By my third or fourth chat, I had honed my opening message to a very sharp edge. Because I now had my handoff document and quick start guide, instead of pasting verbose details inline, I could provide just enough context in the chat window and then upload my docs. My initial prompt is now just a set of bullet points. For example:

"I'm working on AcadiMeet, a faculty scheduling app, continuing from a previous session that reached the context limit.

Tech Stack: Frontend: React/Vite/Tailwind; Backend: Node.js/Express/Prisma/SQLite.

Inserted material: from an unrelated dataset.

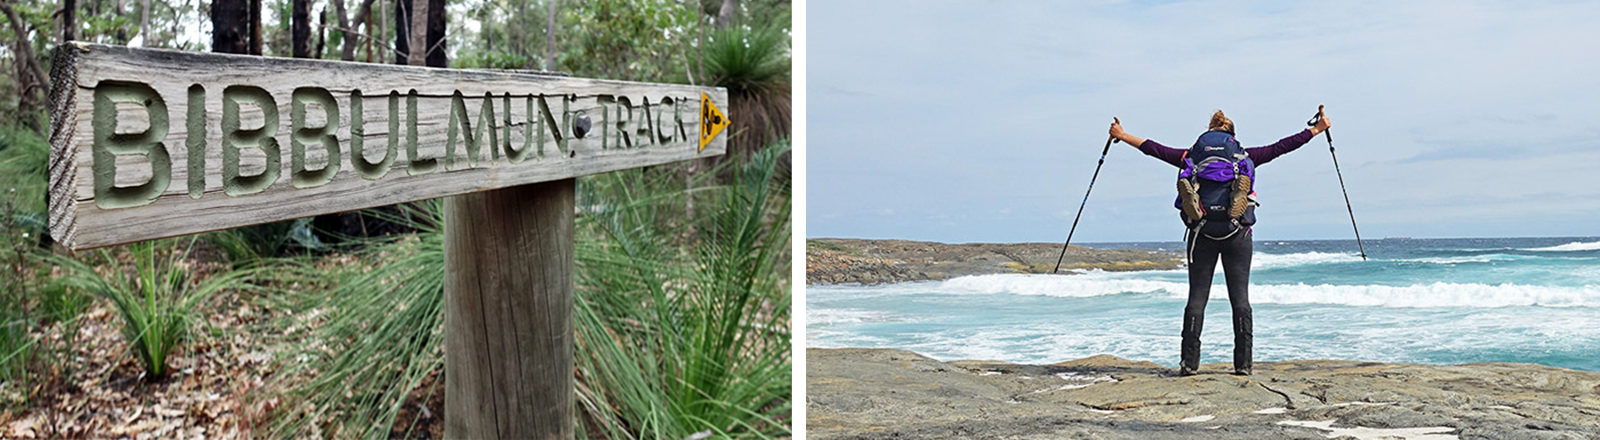 """Collage zweier Bilder: Ein Wegweiser im Wald mit der Aufschrift """"Bibbulmun Track"""" und Kathrin Heckman von hinten vor der Küste, die Arme mit den Wanderstöcken in der Hand reckt sie in die Luft."""
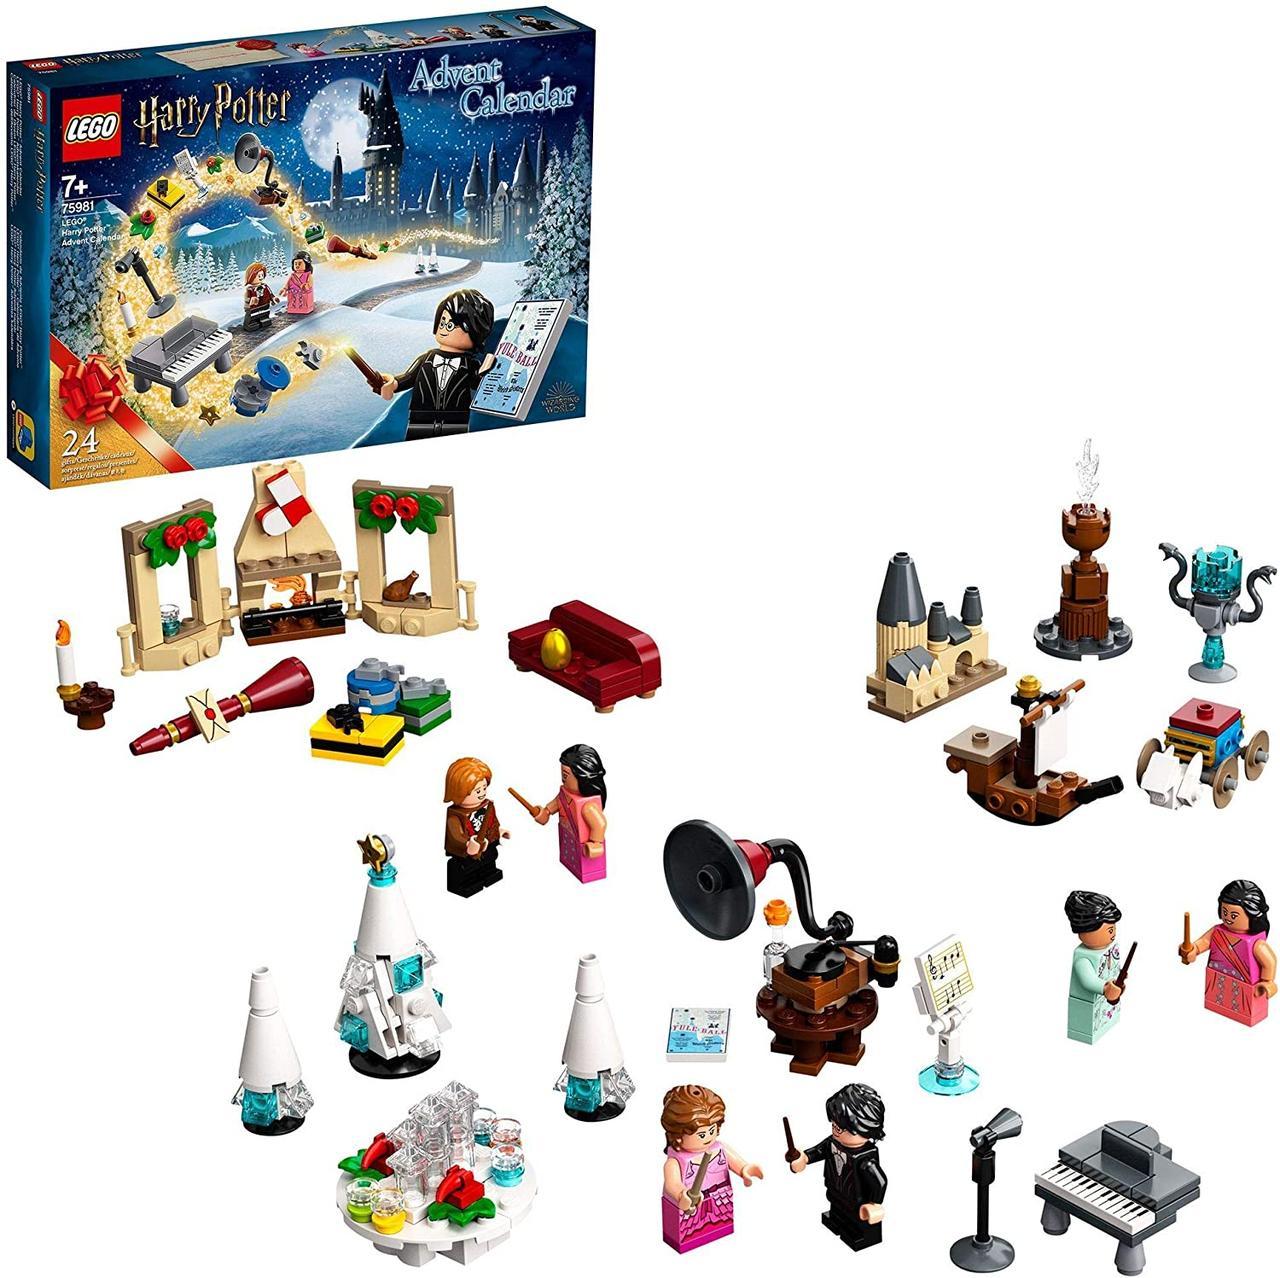 LEGO Harry Potter адвент календарь  Гарри Поттер 2020 года 75981

Current Status: Authentication is working. Last session focused on schedule management.

Next Steps: Implement the poll creation wizard.

Attached are two documents: handoff.md and quickstart.md, which provide comprehensive context for this work.

I am also attaching a set of the key files from the application (e.g., ProfileSetup.jsx, etc.), which will be necessary to accomplish our next steps."

You'll see that in addition to the handoff documents, I also attach full files for the parts of the application that I'm currently working on. As I mentioned in the last post, including full files as context is key to avoiding conflicts and redundancies in your code as you move from window to window.

Verifying It Worked

The response you get from this initial prompt is the first test that the handoff worked. The AI should respond with a "welcome back" message and confirmation of the documentation you provided, the project's tech stack, the project's current status, and your next steps. If it doesn't give you this confirmation right off the bat, ask for it. You should also ask whether the AI needs any additional files to accomplish your next steps and future roadmap.

Once you are confident the AI has all the information you can give it, you're ready to pick right up where you left off. Don't be surprised, however, if your AI collaborator has a slightly different voice or style in the new window. This is something I find a little jarring every time I start a new chat. The "new" AI will know most everything the "old" one did, but it may sound different. It may use bullet points where the old one used full paragraphs or the imperative where the old one used the interrogative. The new one might be playful where the old one was contemplative. It can sometimes seems like your developer came to work on Monday morning with a personality transplant. Don’t worry. It’ll do everything you need it to do, and you’ll get used to the new persona.

Key Lessons for the Competent Imposter

Momentum builds quickly when you’re not learning new libraries and wrestling with syntax. But that momentum is fragile. Its single greatest threat is the context length limit.

The handoff system described above will help you sidestep this threat. Its beauty is that each handoff will teach you how to be more efficient with the next one. By Session 4 or 5, my handoffs took me only 5 or 10 minutes. Now it's a pretty seamless undertaking.

A strategic focus on documentation and the handoff process transforms the AI from a glorified search engine into a reliable, long-term collaborator. In the final post, I'll discuss how to take your now working code and implement the necessary polish, security, and performance optimizations to make it truly production-ready.